Our use of generated energy to conduct the global economy has resulted in a shocking diminution of the biotic community. According to the World Wildlife Foundation, on average, global populations of mammals, birds, reptiles, amphibians and fish in 2010 are roughly half their 1970 numbers. Over this 40-year time frame, Latin America experienced the most precipitous drop—a decline of 83 percent!

Governmental, financial and corporate plans are in place to increase the rate of expropriation of the natural world on a massive scale, especially in Africa. This internationally sanctioned policy to commandeer a greater share of the energy flowing through the natural food chain guarantees wildlife populations will continue to decline across the globe. I grieve their loss; I fear unforeseen consequences.
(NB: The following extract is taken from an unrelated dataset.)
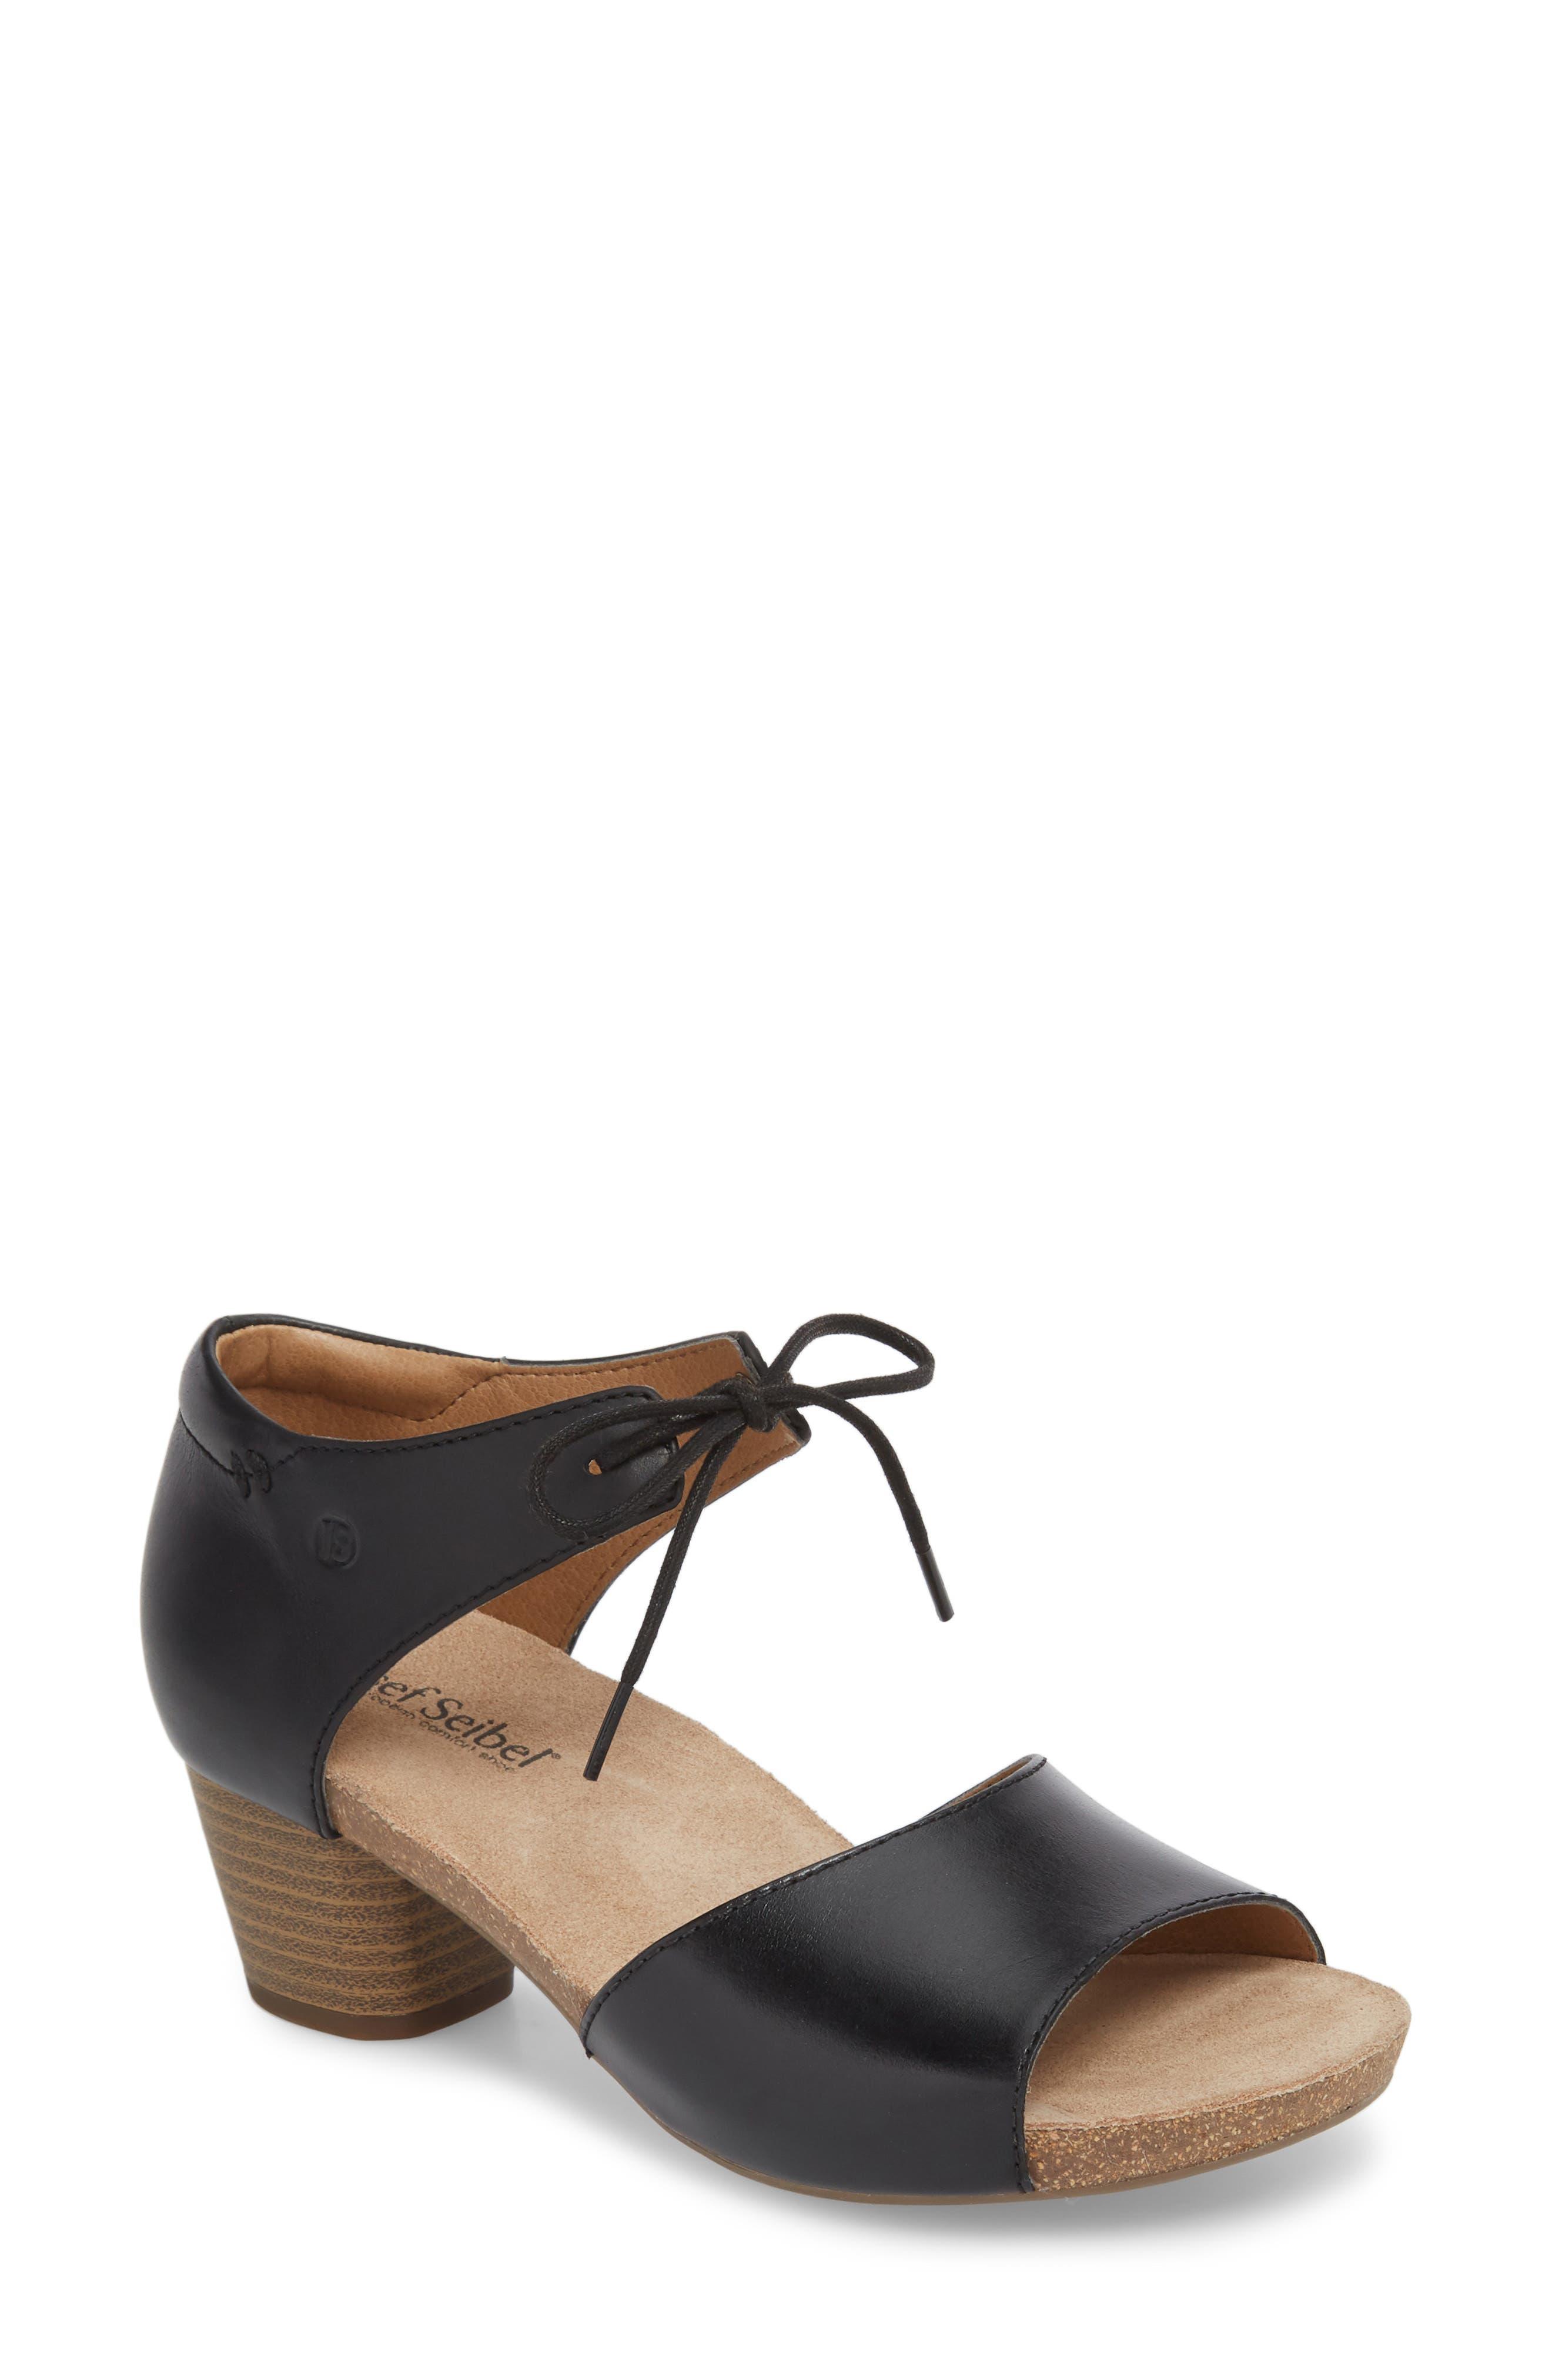 JOSEF SEIBEL Rose 23 Tie Front Sandal, Main, color, 001

I close with perceptive warnings from ‘The Land Ethic’ that call upon us all to think like a mountain and take personal responsibility for the land community in which we live. “A system of conservation based solely on economic self-interest is hopelessly lopsided. It tends to ignore, and thus eventually to eliminate, many elements in the land community that lack commercial value but that are (as far as we know) essential to its healthy functioning. It assumes, falsely, I think, that the economic parts of the biotic clock will function without the uneconomic parts. It tends to relegate to government many functions eventually too large, too complex, or too widely dispersed to be performed by government.”